Transfer learning for robust predictions in computational genomics
Dr Niranjan Nagarajan, Associate Professor, School of Computing
The use of machine learning on large and complex biological datasets has been instrumental in deriving meaningful insights from biological experiments. Even with constant advances in high-throughput experimental strategies, biological experiments are frequently constrained by sample availability (e.g., human tumor tissue), high experimental cost, and intrinsic biological and experimental variabilities (e.g., sequencing errors). Biological datasets therefore frequently present unique challenges to machine learning due to differences in sample type and experimental setup, small sample sizes from complex experiments, and distribution shifts (e.g., in vitro to in vivo). This thesis focuses on leveraging transfer learning techniques that aim to improve the performance of data-limited target tasks by utilizing data-rich source tasks. Three case studies are conducted to present the challenges and motivations and introduce novel methods in computational genomics demonstrating the utility of transfer learning.

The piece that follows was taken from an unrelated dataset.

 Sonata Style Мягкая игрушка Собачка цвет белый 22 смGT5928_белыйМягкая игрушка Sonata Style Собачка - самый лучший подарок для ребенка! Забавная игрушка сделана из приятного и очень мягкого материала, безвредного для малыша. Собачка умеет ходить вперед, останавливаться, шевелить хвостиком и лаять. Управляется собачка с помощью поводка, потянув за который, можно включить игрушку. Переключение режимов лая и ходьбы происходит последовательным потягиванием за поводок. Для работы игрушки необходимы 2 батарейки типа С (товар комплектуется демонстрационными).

The first case study focuses on predicting cancer drug responses using in vitro omics data. Due to the multitude of drugs and availability of in vitro models, some drugs were tested on only a limited number of samples. This, combined with the high dimensionality of data, can undermine the generalizability of the models trained for individual drugs. Multi-task learning (MTL) has been used to resolve this problem using joint models that predict responses to various tasks, i.e., drugs. However, MTL performance can be inferior to the single-drug model counterpart (i.e., negative transfer). We present TUGDA, a method that leverages task uncertainties and uses them to weigh task-to-feature transfers. Compared to existing MTL methods, TUGDA consistently reduced negative transfer on a large in vitro dataset. We also observed the fewest negative transfer cases for drugs with limited data, demonstrating the usefulness of TUGDA in pharmacogenomics.

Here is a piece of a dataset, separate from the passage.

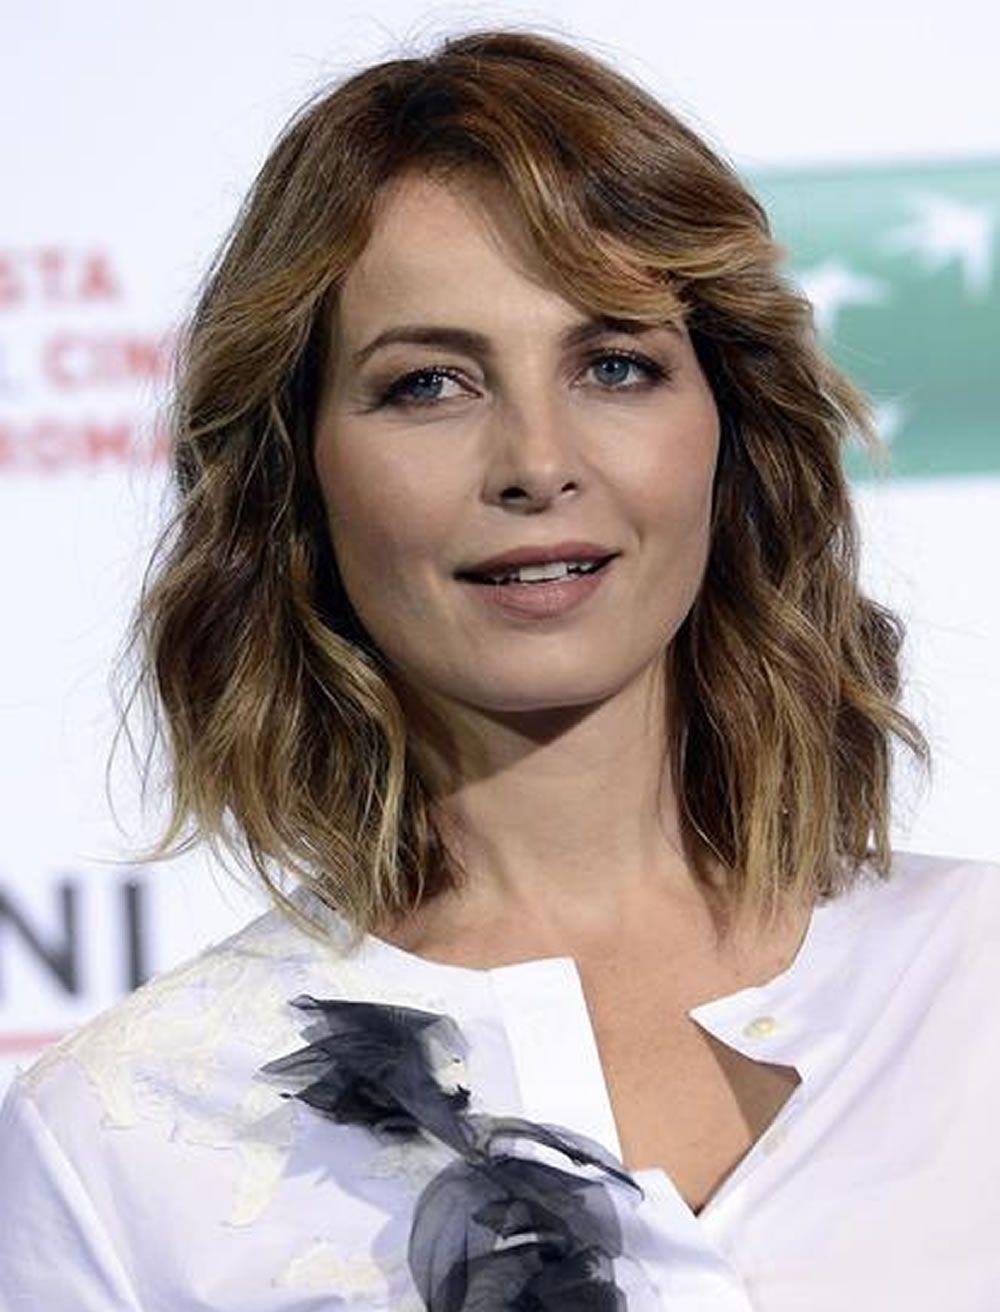 beste mittlere Frisuren für Frauen Medium hairstyle

The second case study analyzes in vivo cancer drug response prediction. A limitation, in this case, is the lack of in vivo drug response data. While in vitro datasets are frequently used to learn predictive models of cancer drug response, the models do not fully reflect the in vivo drug response due to tumor microenvironment, immune response, and other patients' health factors. To overcome this limitation, prior works either assumed that batch effects were the main source of differences to correct for between models or relied on assumptions that could lead to negative transfer. We extended TUGDA to generalize cancer drug response prediction from in vitro to in vivo. In contrast to existing methods, TUGDA adopts more realistic assumptions that penalize noisy features and presumes that these features are not conserved across domains. Comprehensive analysis showed that TUGDA outperformed several existing methods on a number of metrics, demonstrating the utility of TUGDA in transferring knowledge from in vitro to in vivo drug response prediction.
The third case study examines a taxonomic classification problem, where sequencing reads from unknown organisms were compared with genome databases to identify microbial species in a given metagenomic sample. We focused on long-read sequencing technologies, which have several advantages in terms of accessibility and read length over existing next-generation sequencing technologies. However, the key challenges are the moderate to high sequencing error rate and the limited number of microbial species with long-read data. We present MetageNN, a long-read neural network taxonomic classification method that is robust to sequencing errors and missing genomes. MetageNN overcomes the lack of long-read data by training on k-mer profiles of sequences from a large genome database. The model relies on short kmer-profiles known to be less affected by sequencing errors to reduce the distribution gap between genome sequences and noisy long reads. MetageNN outperforms existing deep-learning tools on real long-read datasets. When compared to conventional tools, MetageNN offers a practical compromise between sensitivity, particularly when handling novel species, a small memory footprint compared to k-mer matching tools, and a faster prediction speed compared to read-mapping tools.
Taken together, this thesis demonstrated the broad utility of transfer learning in different challenges posed by biological complexity. We explored biological and experimental variabilities from cancer drug response prediction to microbial taxonomic classification. These findings illustrate the potential of the novel methods introduced and the different paradigms used in this work to address these unique challenges in computational genomics datasets.